=== ACTIVITY ===
Drop all images. Then write out each line below exactly as given.

=== DATA EXTRACT ===
____

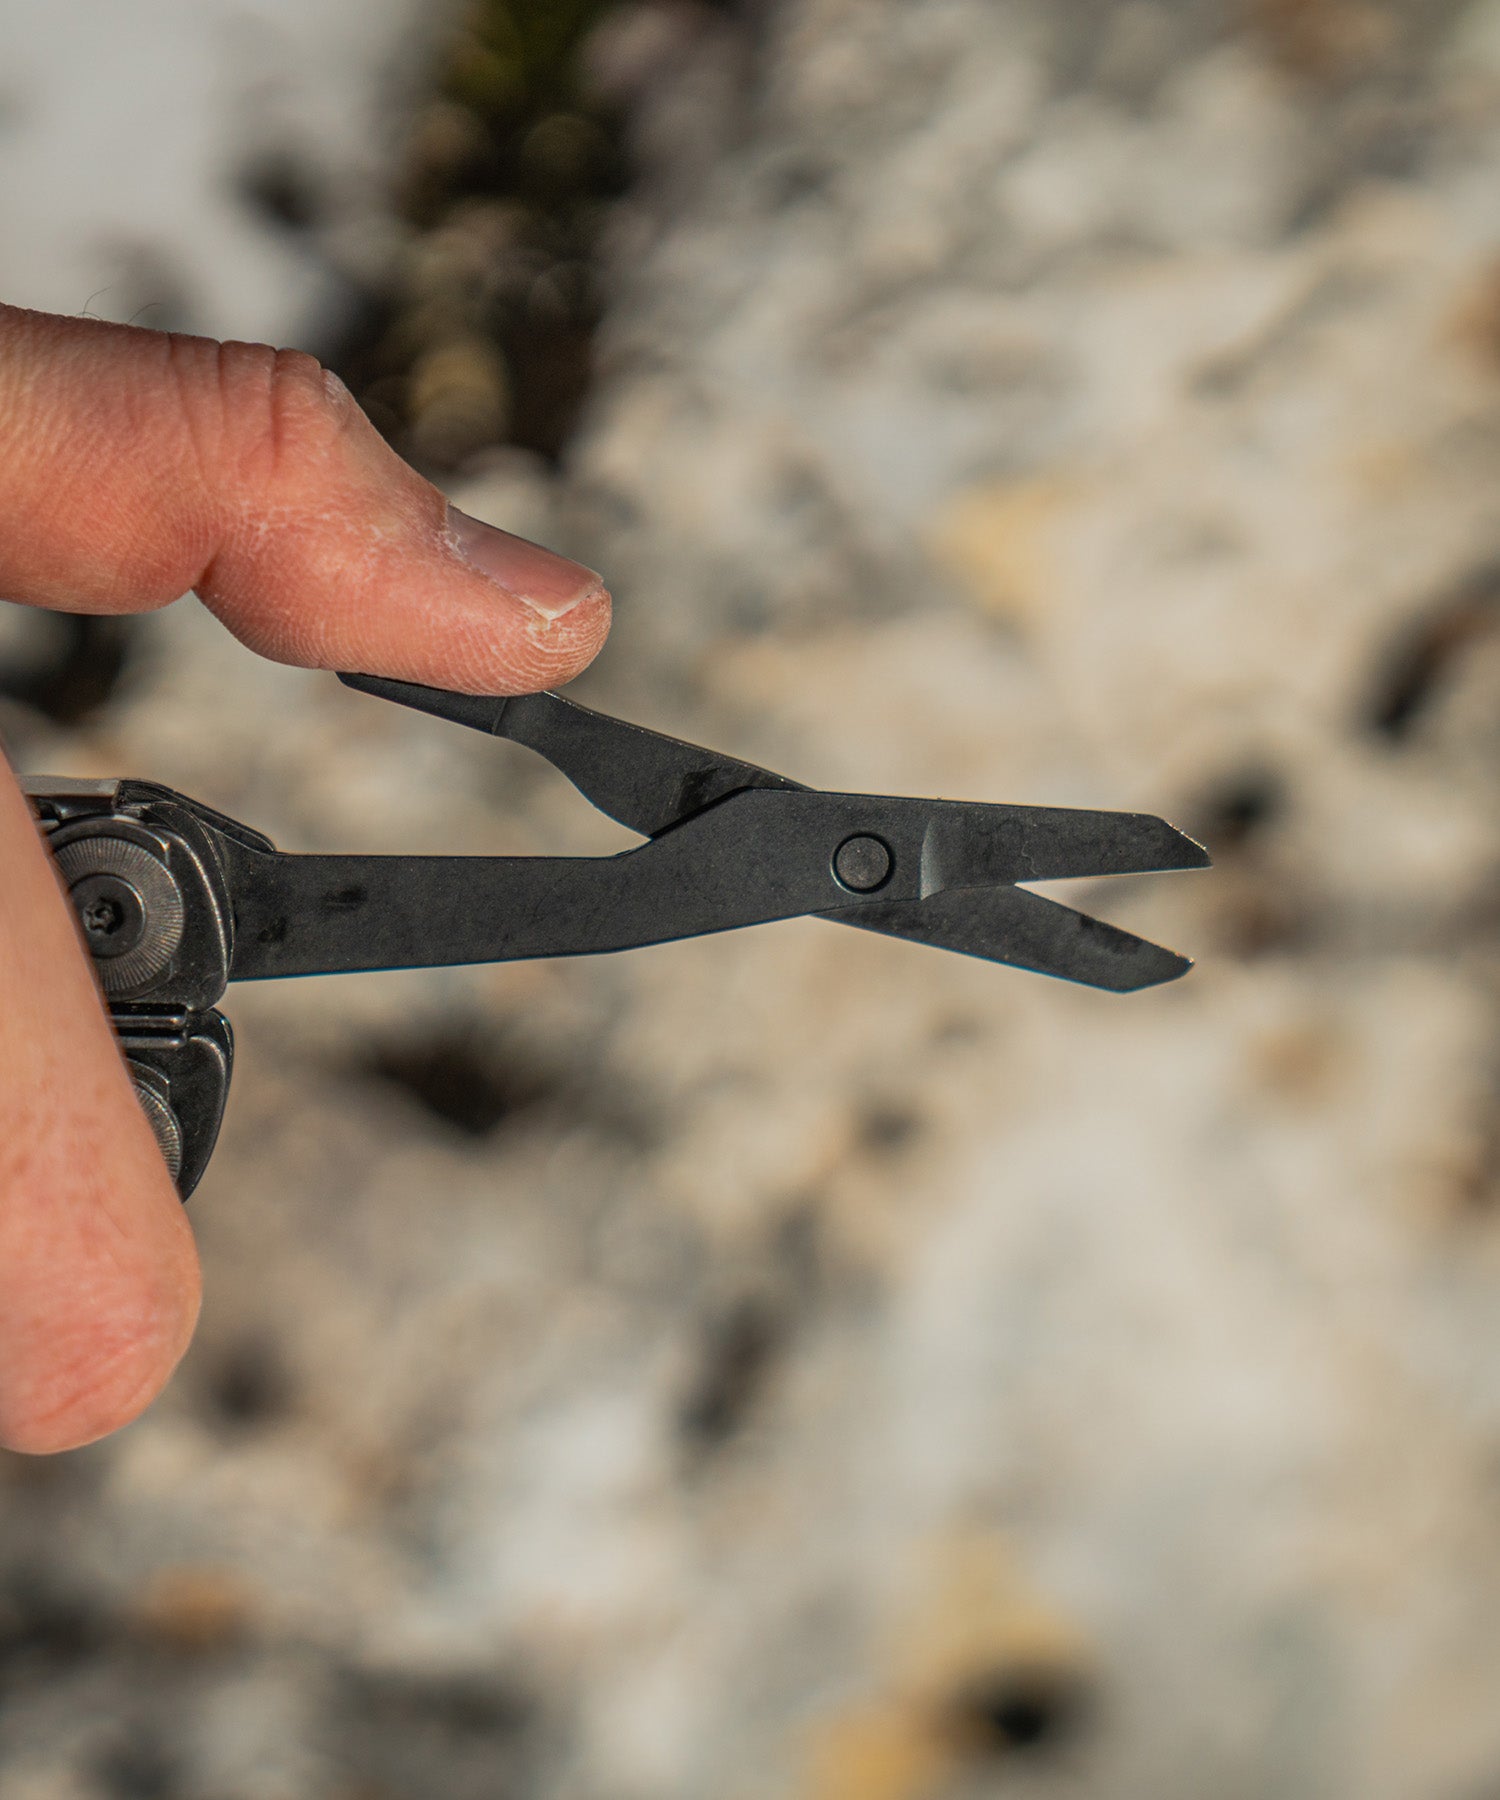 Dettaglio delle forbici del Leatherman Surge Black in mano a Paolo di Backpacco durante un trekking
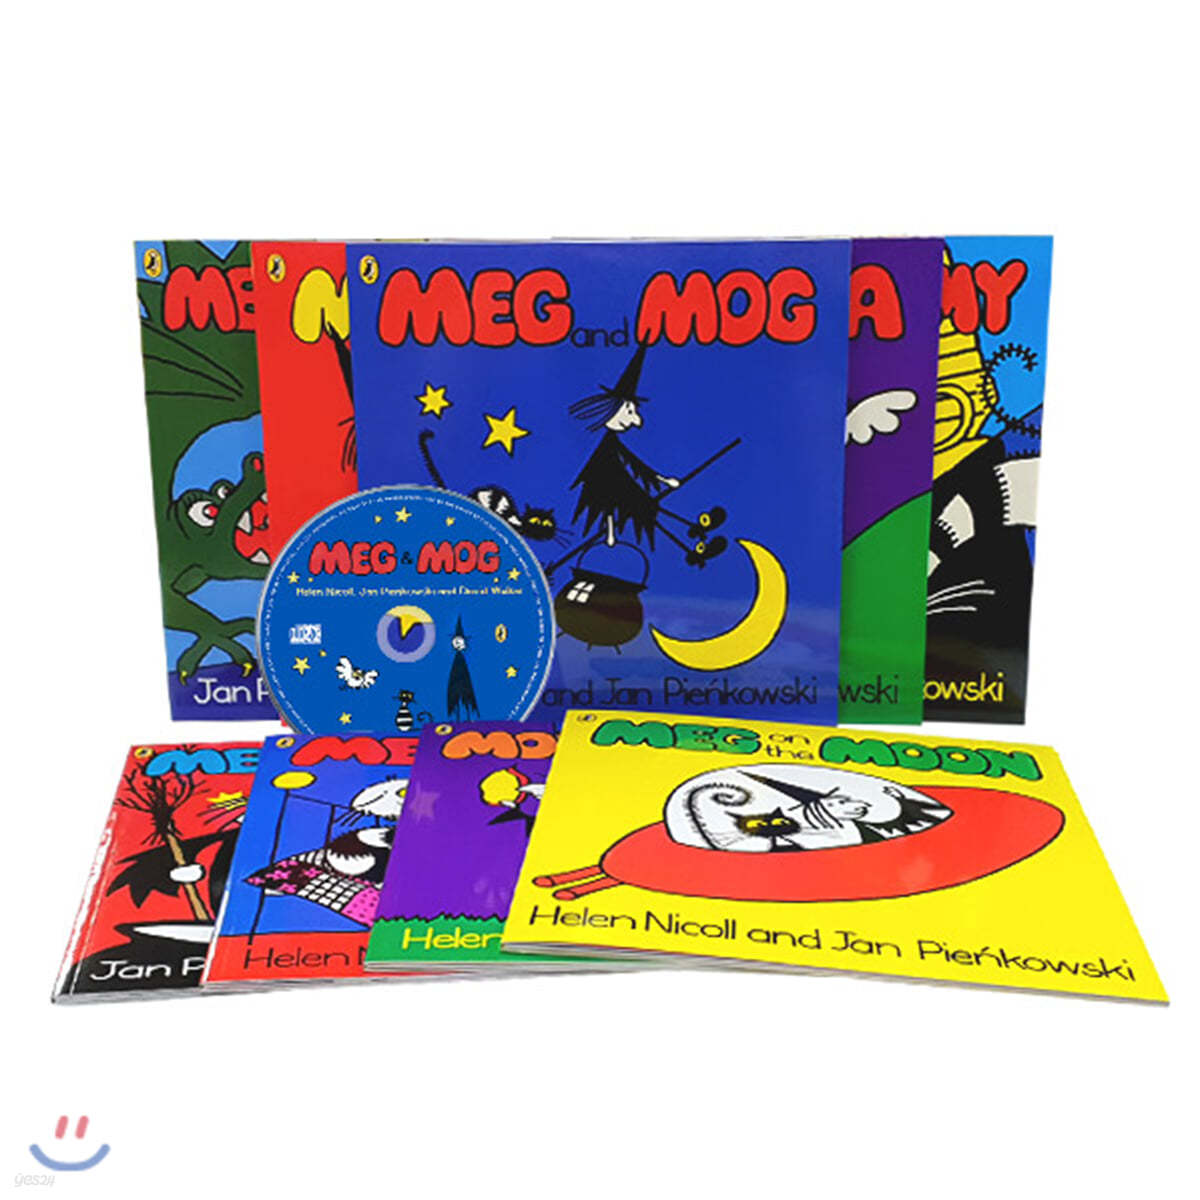 메그와 모그 원서 9종 세트 (CD 포함) Meg and Mog 9 Books with CD Collection
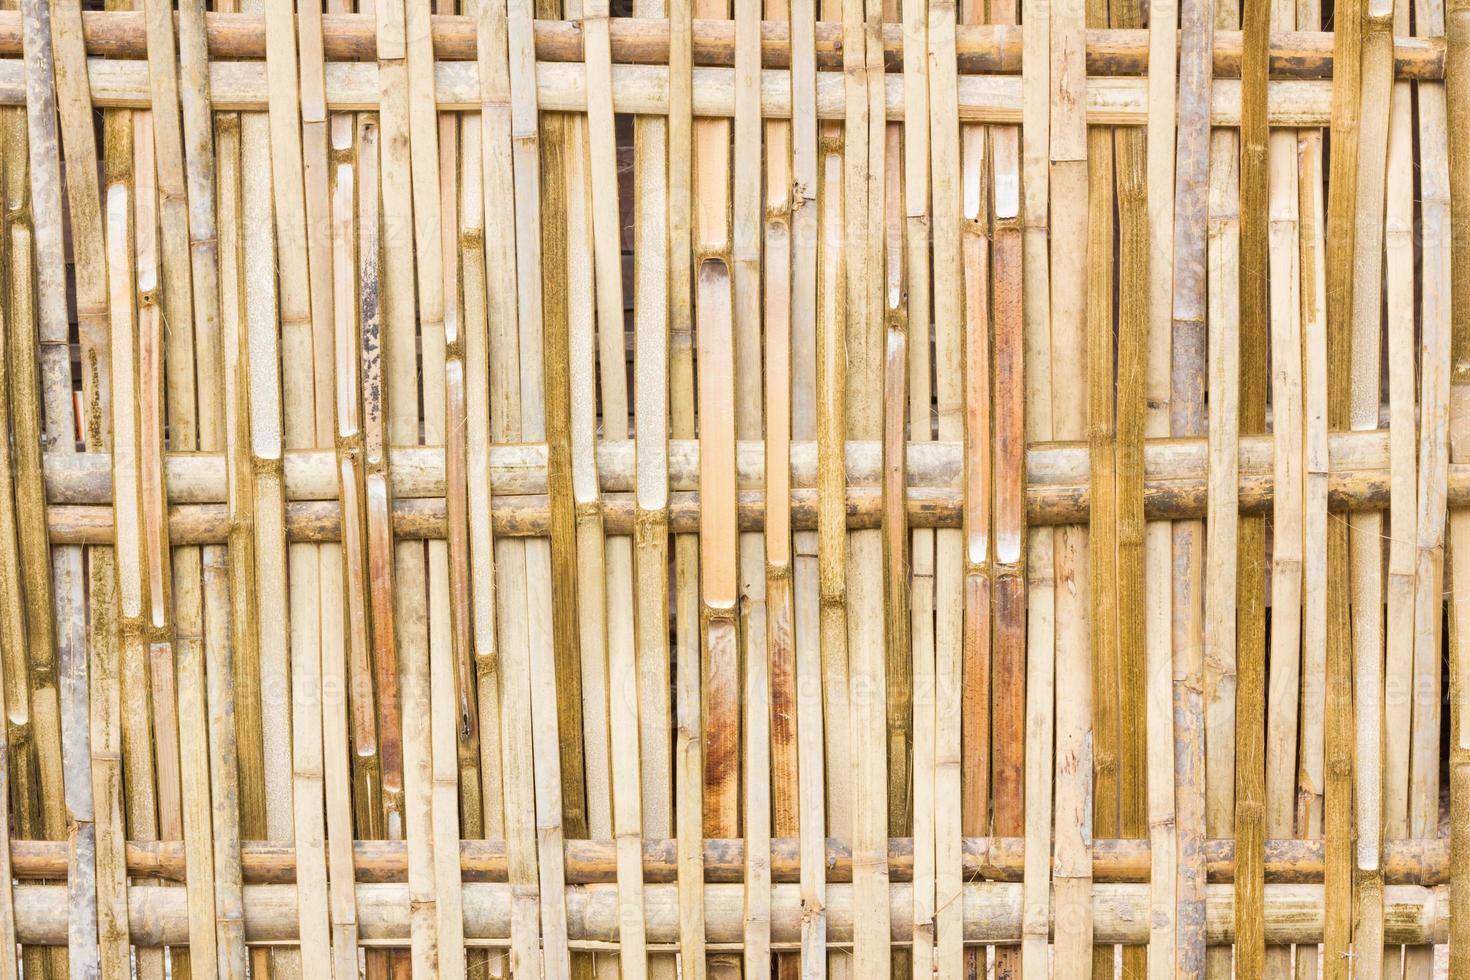 Bamboo fence background horizontal photo

____

=== ANSWER AREA ===
 Dettaglio delle forbici del Leatherman Surge Black in mano a Paolo di Backpacco durante un trekking
 메그와 모그 원서 9종 세트 (CD 포함) Meg and Mog 9 Books with CD Collection
 Bamboo fence background horizontal photo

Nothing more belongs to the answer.